[GIVEN DATA]
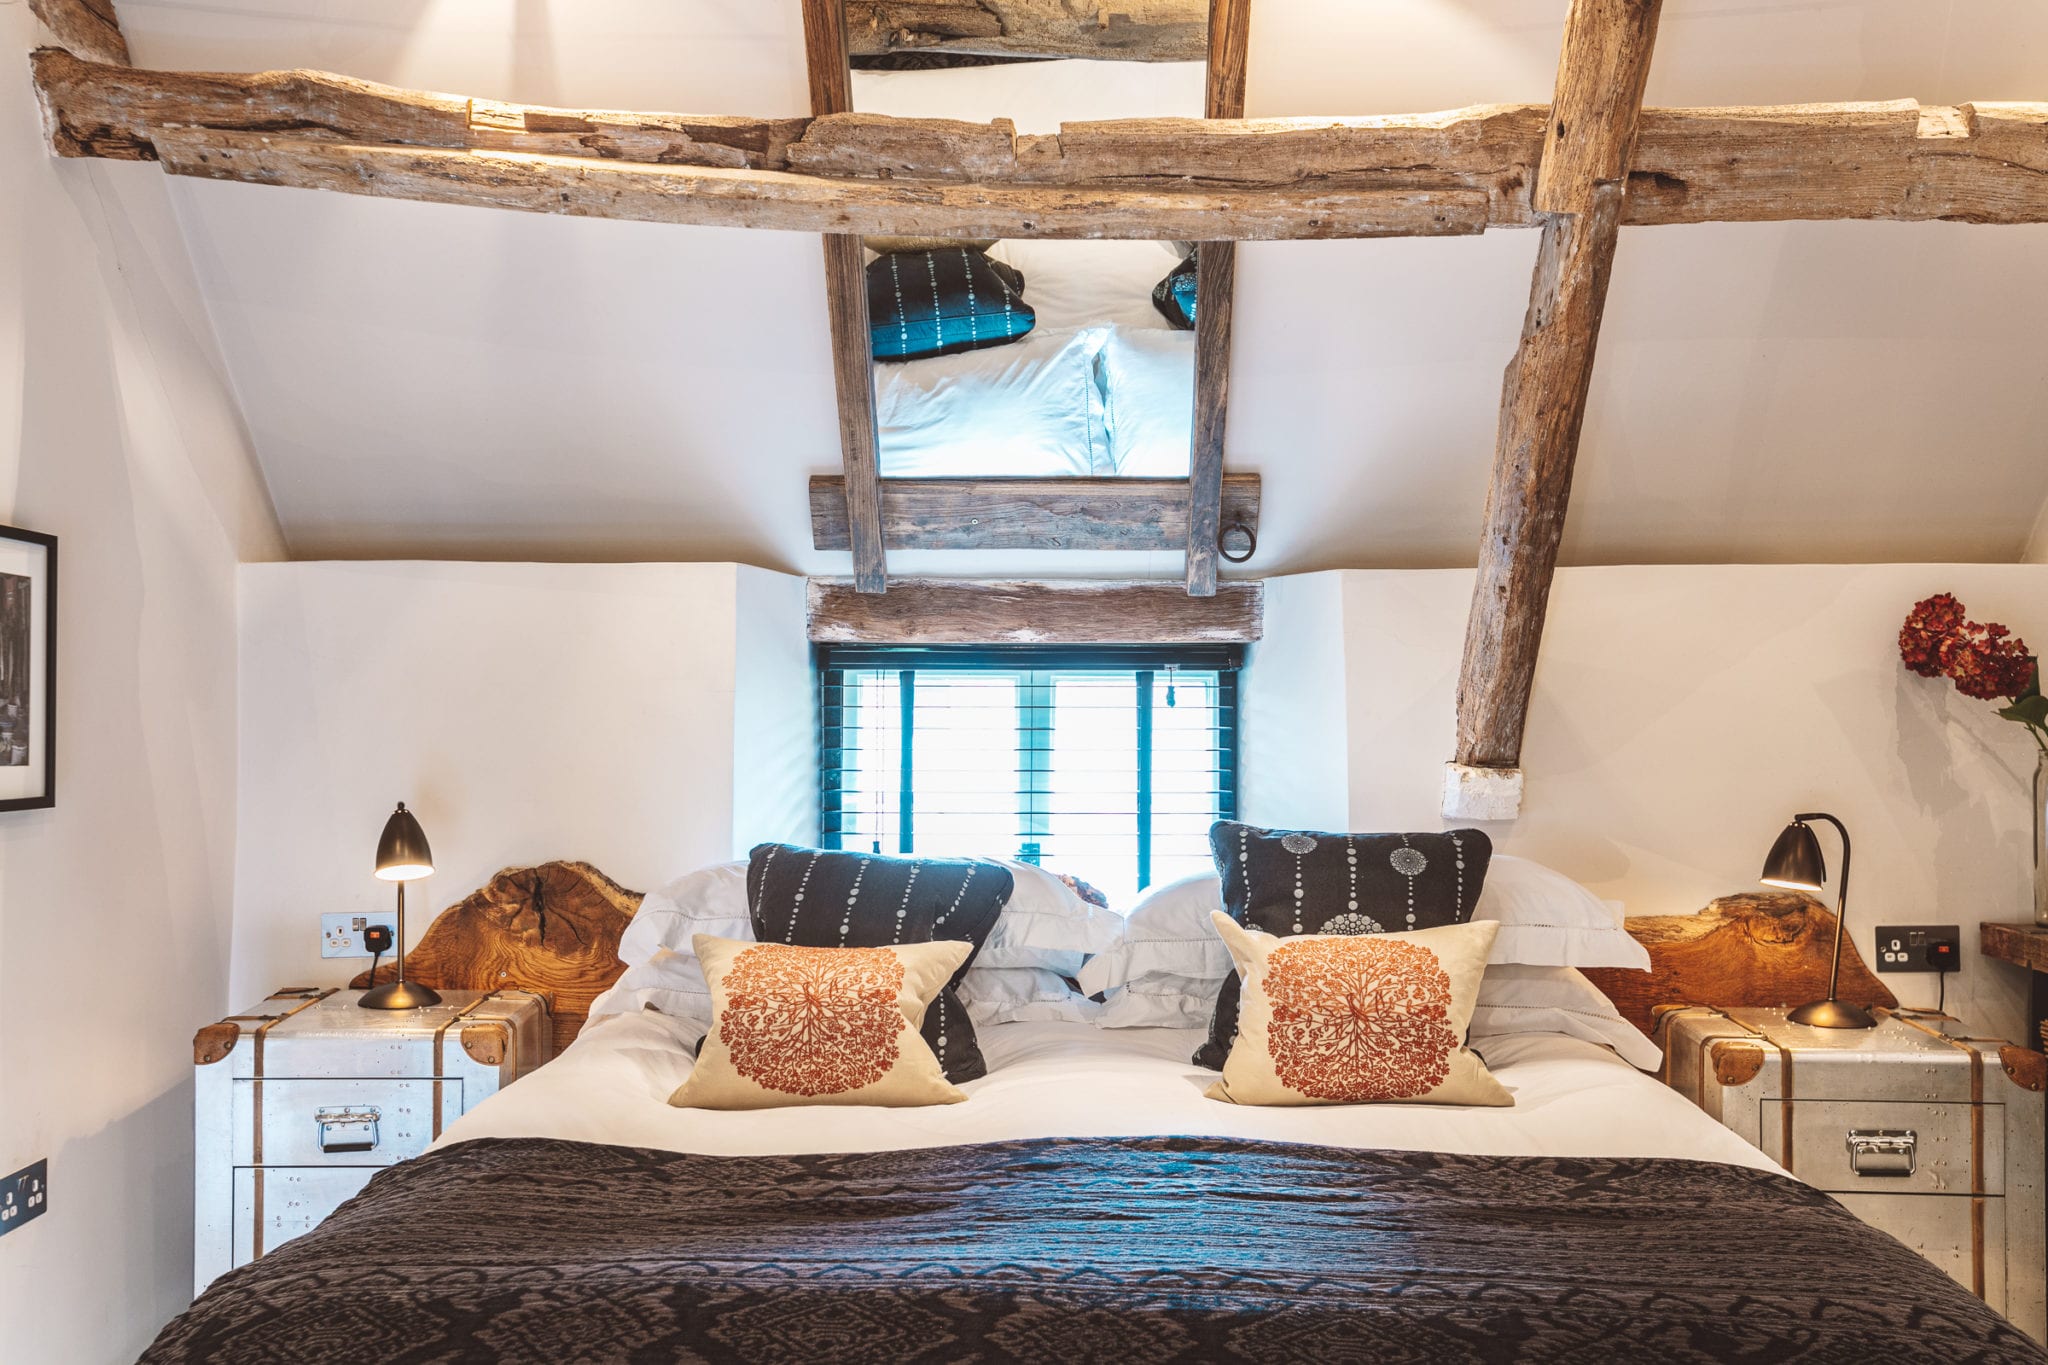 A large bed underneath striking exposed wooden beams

--

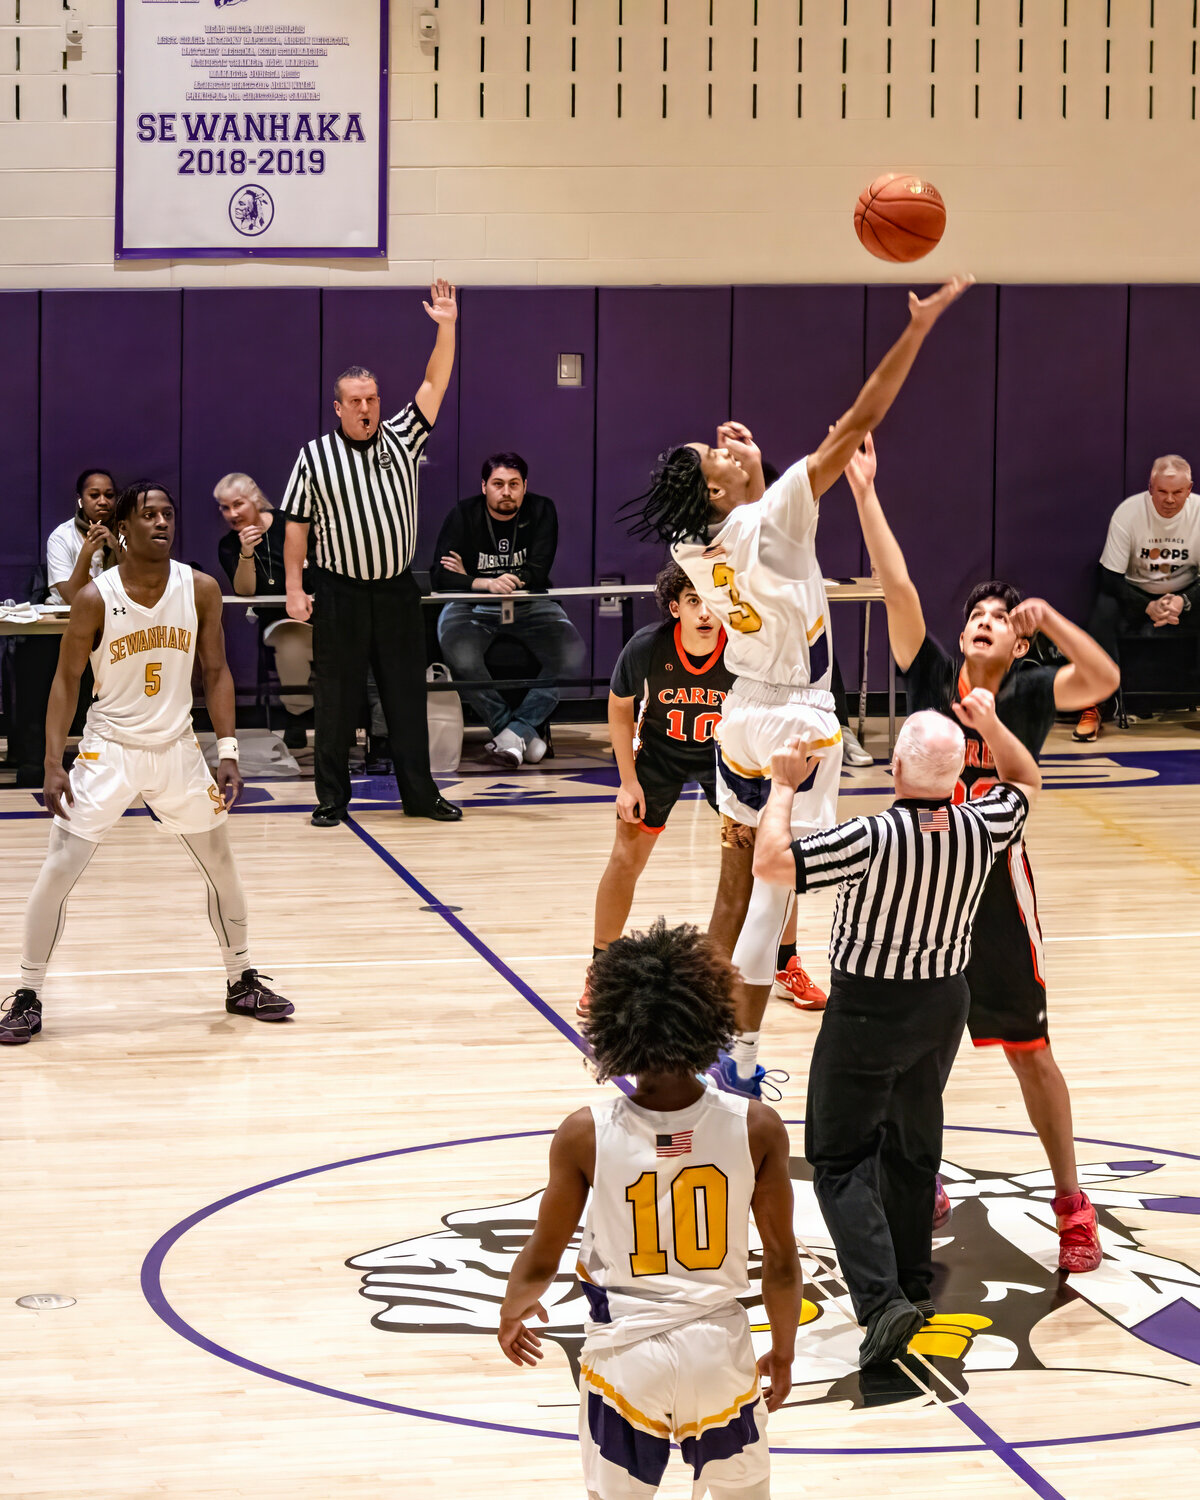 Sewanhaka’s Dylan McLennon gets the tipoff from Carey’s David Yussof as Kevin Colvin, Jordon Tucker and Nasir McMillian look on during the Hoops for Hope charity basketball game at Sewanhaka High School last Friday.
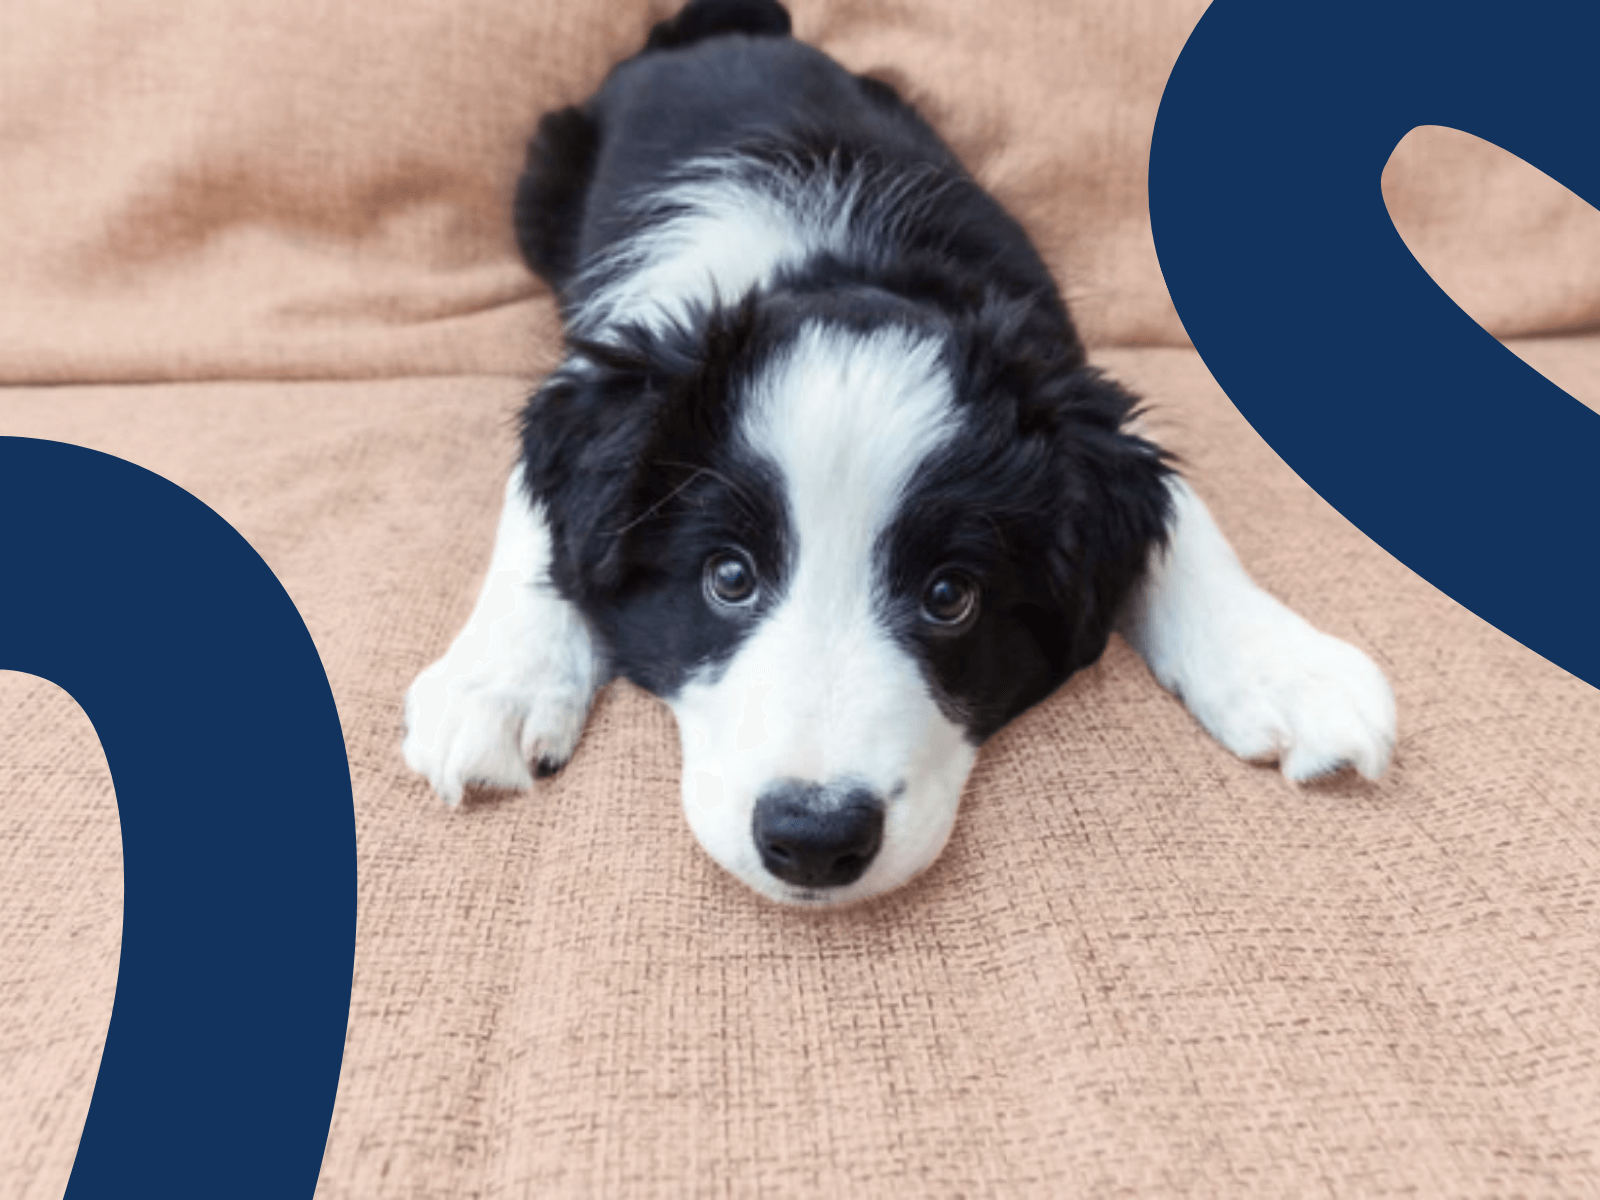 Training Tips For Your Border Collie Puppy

* * *

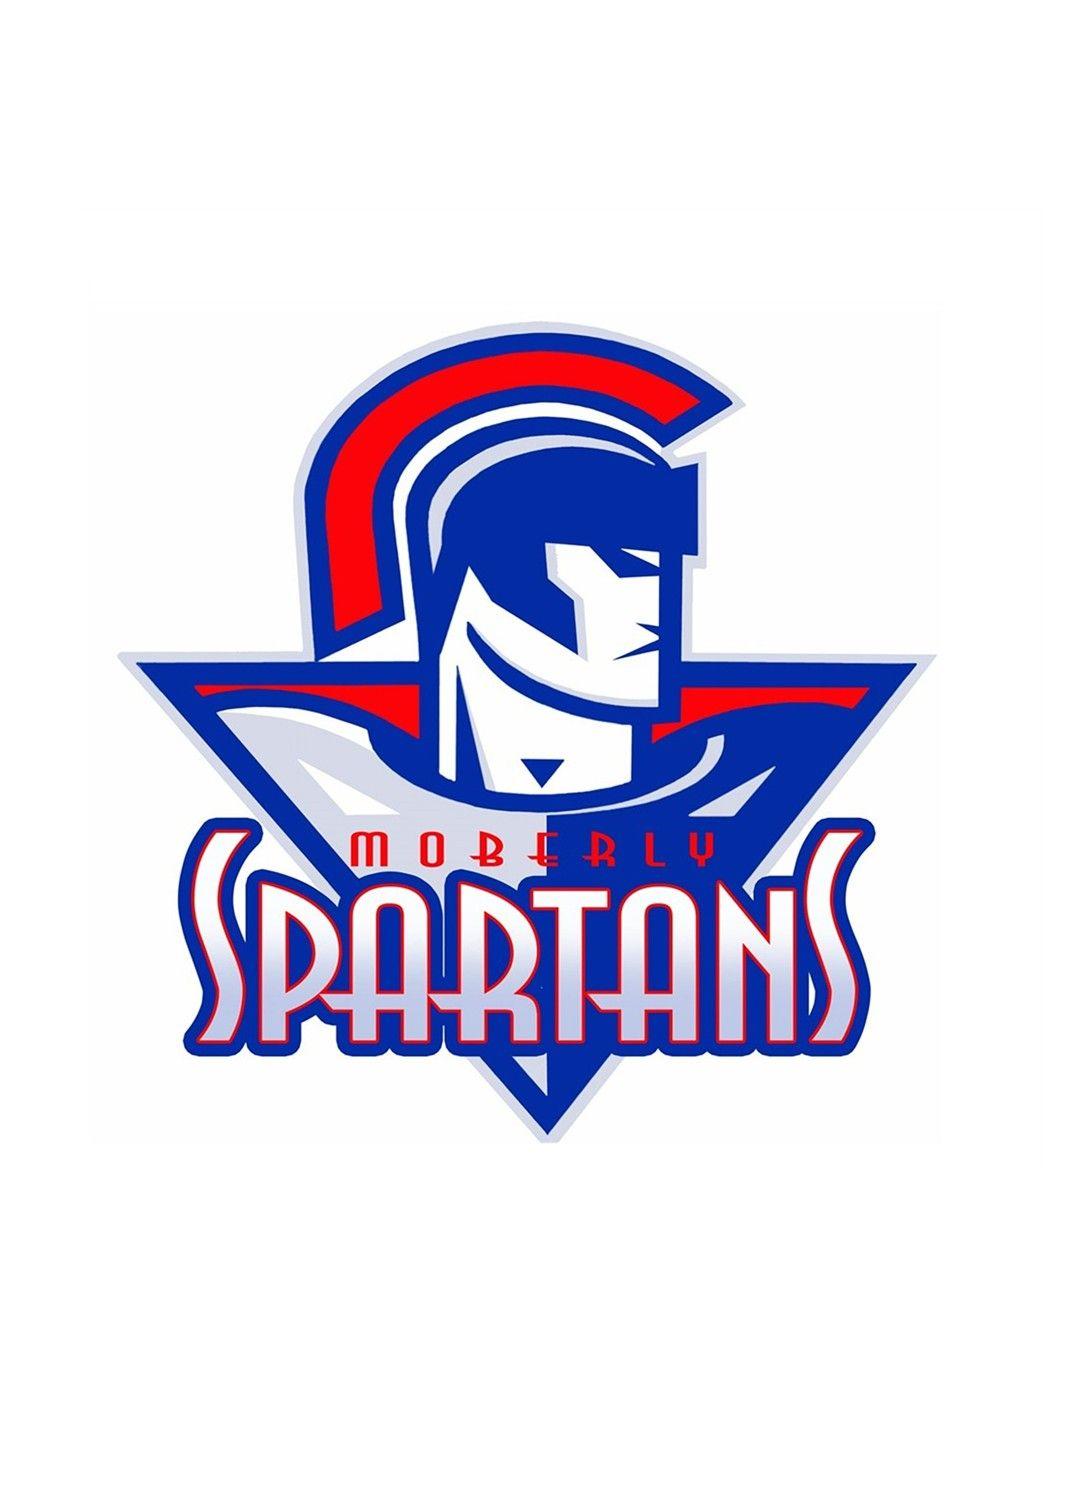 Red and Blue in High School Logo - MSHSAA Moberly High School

[EXERCISE REQUIREMENTS] An exact copy of the lines above from the one with "Sewanhaka’s Dylan McLennon" up to and including the one with "Training Tips For Your Border Collie Puppy" is required; reproduce only those lines, omitting all pictures.

[WORKED SOLUTION]
 Sewanhaka’s Dylan McLennon gets the tipoff from Carey’s David Yussof as Kevin Colvin, Jordon Tucker and Nasir McMillian look on during the Hoops for Hope charity basketball game at Sewanhaka High School last Friday.
 Training Tips For Your Border Collie Puppy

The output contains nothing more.